In focus today
Today is a quiet day on the data front. We will monitor the situation in the Middle East after reports of explosions in the Iranian city of Isfahan which houses a military base. See more below.
In Sweden, the market is likely to continue to digest the messages from Riksbank’s Bunge and Jansson yesterday, arguing the weaker SEK and delayed Fed monetary easing will influence the decision between a May and June rate cut. We believe this supports our take for the latter.
Economic and market news
What happened overnight
Reports of an explosion in Iran, near the city of Isfahan which houses a major military base, renewed fears about an escalation in the Israel/Iran conflict. Iranian officials say explosions were due to Iran’s air defence system destroying three drones rather than missiles, Reuters reports. Israel has not commented, but Bloomberg reports Israeli officials had notified the US earlier Thursday that they planned to retaliate in the next 24-48 hours, according to two US officials who asked not to be identified discussing private conversations. Oil prices regained some of its earlier losses to hit 89.1 USD/bbl. (+2%) as of this morning, and safe-haven assets such as gold (+0.4%) and the CHF gained, while Asian equities slid.

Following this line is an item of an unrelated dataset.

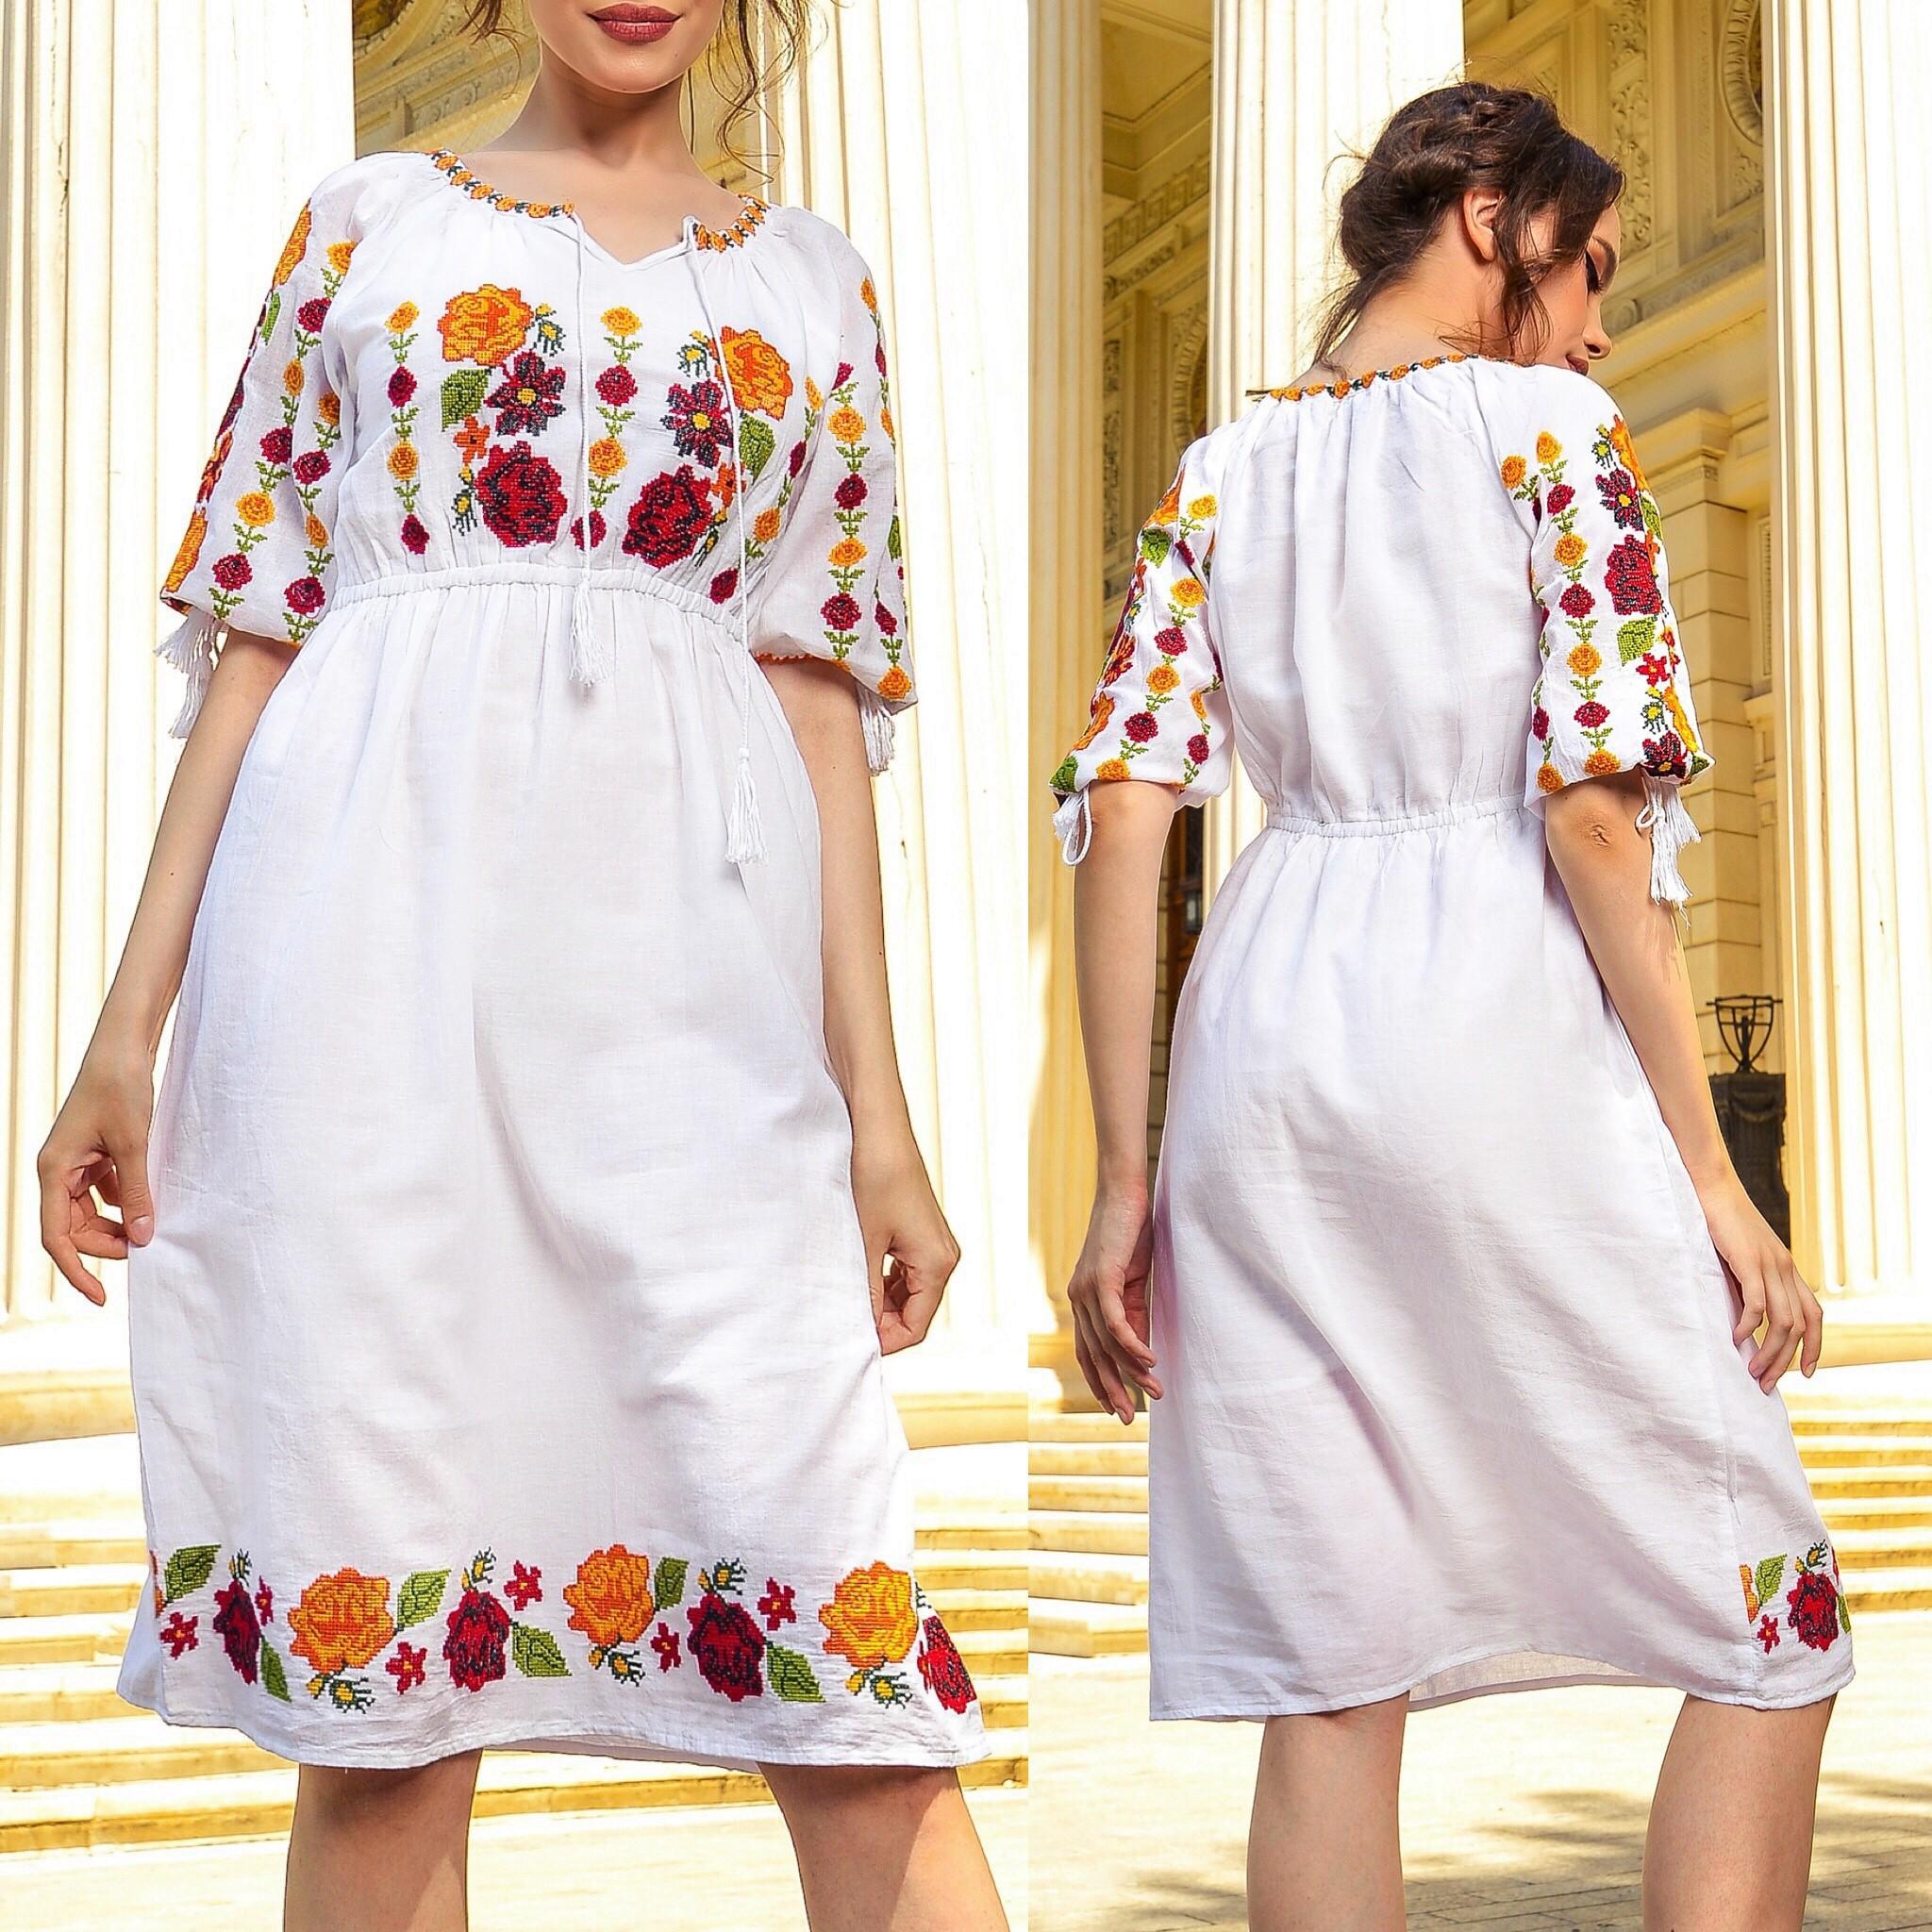 preț mai mic cu coduri promoționale produse noi calde Rochie Traditionala alba cu flori brodate - Daria - Stylishcircle.ro

Japan nationwide CPI was largely in line with earlier Tokyo data, as the core CPI slowed to 2.6% y/y in March, and “core-core” CPI (excl. fresh food and energy) slowed to 2.9% from 3.2% in February. The moves were in line with market expectations.
What happened yesterday
More hawkish signals from the US, with the Philly Fed’s prices paid index jumping to 23.0 in April (prior: 3.7) which markets took as another sign that price pressures are still too high. Flat jobless claims and hawkish comments from Fed officials once again pointed to fewer rate cuts this year. The greenback gained during the day and the US 10Y government yield was up 6bp as of last night.

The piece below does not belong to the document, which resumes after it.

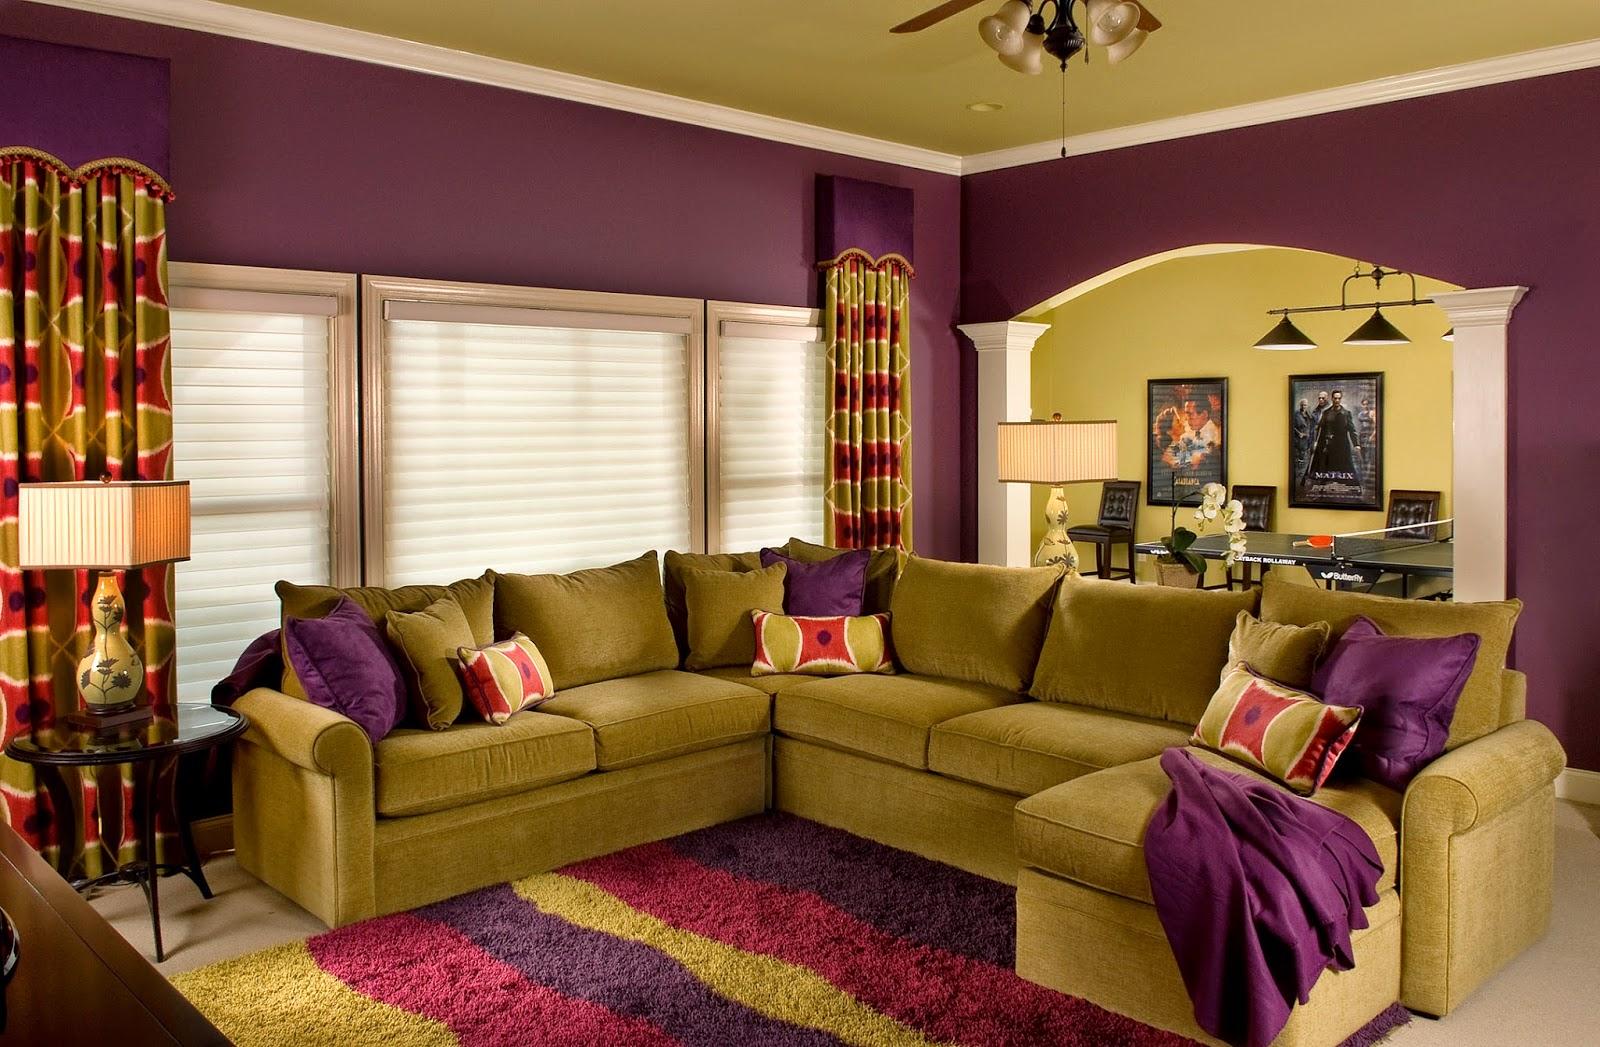 Hiasan Dalaman Ruang Tamu Warna Ungu Desainrumahid com

In Japan, the fourth wage tally from Rengo showed a total pay rise of 5.2%. This is promising news for the Bank of Japan’s hopes of sustained demand driven inflation. However, it is still unclear how broad-based these wage jumps will be, with signs that there will be a big pay rise gap between large and small businesses as a Teikoku survey showing 23% of surveyed businesses have not raised wages at all, meaning the effect on domestic demand may not be as great as the BoJ could hope.
Several ECB policymakers all but confirmed a June rate cut with Villeroy saying there was a “very large consensus” for a June cut, and ECB VP de Guindos stating the central bank would be “ready to reduce the restriction” of monetary policy if things evolve as expected. Things are less clear for the meetings in between quarterly projections. Villeroy, Simkus and Cipollone have all suggested that July is not off the table while others (Knot) have indicated potential cuts will coincide with new quarterly forecasts.
Metal price indices continued to trend up with the LMEX index up 1.5% for the day. The turn in the manufacturing cycle has been supporting metal prices which have increased for a while now (LMEX +13.1% YTD). On top of this, new US and UK sanctions on Russian metals have given supply-side pressure. Rising commodity prices are an upside risk to inflation and thus could complicate the outlook for global rates.
Equities: Global equities were lower again yesterday increasing the streak of losses to 5 days with MSCI world being down almost 5% from the peak. Sell-off again led by US tech sector, growth, and long duration stocks. While the sell-off initially happened alongside higher yields and increasing VIX, that has not been the case the last couple of days when yields have been moving more sideways while VIX has been ticking lower. In US yesterday, Dow +0.1%, S&P 500 -0.2%, Nasdaq -0.5% and Russell 2000 -0.3%. Markets in Asia are lower this morning, though off their lows as the Middel East crisis and uncertainty has increased this morning after Israel launched a retaliatory attack on Iran. Futures in US and Europe are lower this morning as well.
FI: Long-end rates drifted higher in yesterday’s session as Philly-Fed confirmed the recent signs of a global manufacturing rebound taking place. The UST curve flattened slightly from the front end with the 10Y tenor peaking at 4.65%. 10Y Bunds ended the session 3bp higher at 2.50%. Overnight, the Israeli attacks on Iranian territory have led to a classic risk-off reaction in markets with Asian equity indices down, oil prices rising (Brent briefly above USD90) and bonds gaining traction (10Y USTs now at 4.55%). The risk of further escalation will be today’s focus.
FX: Safe haven currencies rallied alongside US Treasuries, Brent oil temporarily moved back above USD 90/bbl and equities took a dive as the conflict in the Middle East escalated overnight. Some of the initial moves have reversed though. EUR/USD tested the downside but remains within 1.06-1.07. USD/JPY dropped sharply but is back above 154. USD/CHF knee-jerked toward 0.90 but has recovered closer to 0.91. Scandies in general came under pressure. USD/SEK made a new year high at 11.03 but is back below the 11.00 mark.